Mi-janvier, Erwin m’appelle : « Philippe nous avons fait une demande auprès de Dominique Baffier, la conservatrice en chef de la  grotte Chauvet, pour visiter cette grotte exceptionnelle et il reste une place. Nous avons pensé Colette et moi-même que, si cette demande était acceptée, tu pourrais être le cinquième ? Il y a déjà Micky, Josette, Michel et Yvonne, il en faut un autre et en tant que Président du Césame, tu peux être ce cinquième. »
Nous essayons de faire rapidement le tour de la question pour voir si cela pourrait être quelqu’un d’autre, mais ils y avaient déjà bien réfléchi, je serai le cinquième. 

Depuis déjà un mois, je m’étais attelé à la rénovation de notre montage sur l’art pariétal ardéchois et j’apprends aujourd’hui que je vais visiter la Grotte Chauvet… La grotte avec les plus anciennes peintures connues à ce jour, dans un état de conservation remarquable et dans une cavité elle-même remarquable de part ses volumes et ses concrétions. Je me demande pourquoi moi. Pourquoi aurai-je droit à ce privilège ? Puis je me raisonne. D’autres personnes ont déjà visité cette grotte, dont la plupart sans connaissance particulière du milieu souterrain et de la préhistoire ardéchoise. Alors, si j’y suis invité, il n’y a pas à se justifier. J’irai donc la visiter cette grotte et j’en profiterai pour ramener de cette exploration le maximum de renseignements pour tous les autres. Tous ceux qui n’auront jamais l’occasion de pénétrer dans ce sanctuaire préhistorique. 

Je ne sais pas quand aura lieu la sortie, mais je sais qu’il me reste peu de temps pour préparer cette expédition. Tout de suite, je ressens l’ambiance de la préparation d’une expédition exceptionnelle. D’accord la sortie ne durera que quelques heures et tout le matériel nous sera fourni. Connaissant les membres de l’expédition, je sais que je n’aurai même pas à me soucier des repas. Bref aucune contrainte logistique pour préparer la plus belle expédition hors du temps qui s’offre à moi. Même au niveau  physique, je sais que cela me demandera peu d’efforts et que je n’ai pas besoin d’une préparation  particulière.
Je n’ai plus qu’à me remettre dans le contexte vallonnais.

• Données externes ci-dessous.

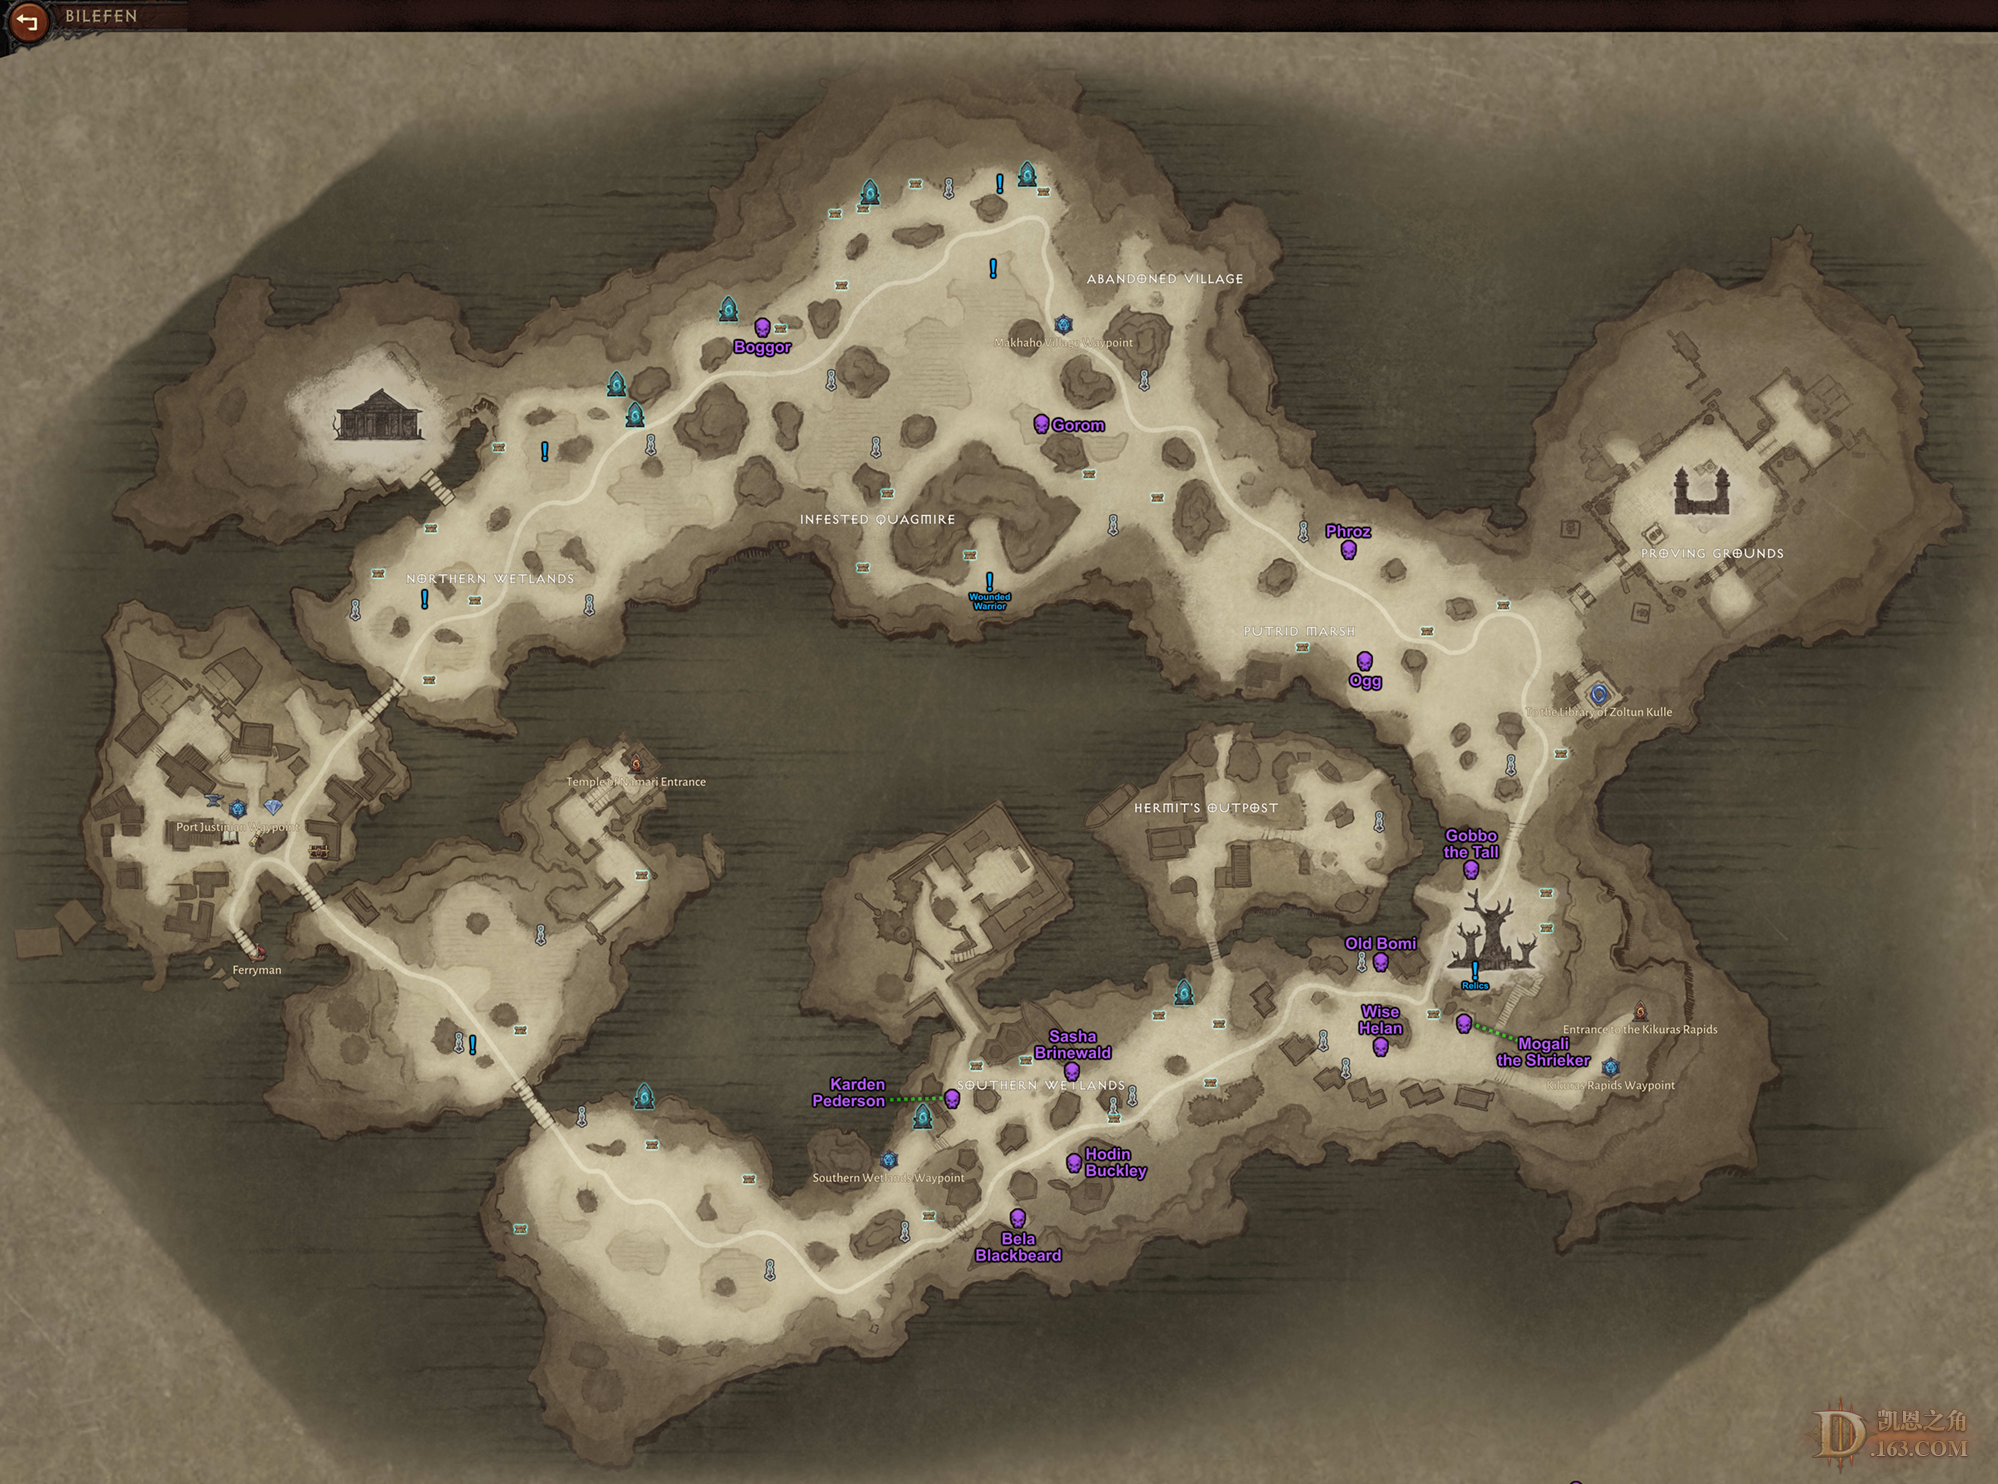 bilefen-purple-rare-elites-no-skull.png

Des émotions que j’avais quittées, il y a presque 10 ans, après les dernières rencontres « environnement et pleine nature » de décembre 1995. Alors, comme on relit les comptes rendus d’expéditions, avant de poursuivre une exploration, je relis le compte-rendu que j’avais fait de ces rencontres et me remémore les étapes historiques qui vont mener à la découverte de ce site exceptionnel.
Je me replonge dans l’histoire des aménagements autour du Pont d’Arc, relis les différents  articles sur le sujet que nous avons publié dans « le Temps Présent » (revue des Amis de l’Histoire de Vallon), « Ardèche Archéologie » (revue de la Fédération Ardéchoise de Recherche Préhistorique et Archéologique), « Spelunca » (revue de la Fédération Française de Spéléologie), et « la Botte » (revue du Comité Départemental de Spéléologie de la Loire).
Je reprends la synthèse topographique des cavités de ce massif karstique, débutée depuis les années 80. 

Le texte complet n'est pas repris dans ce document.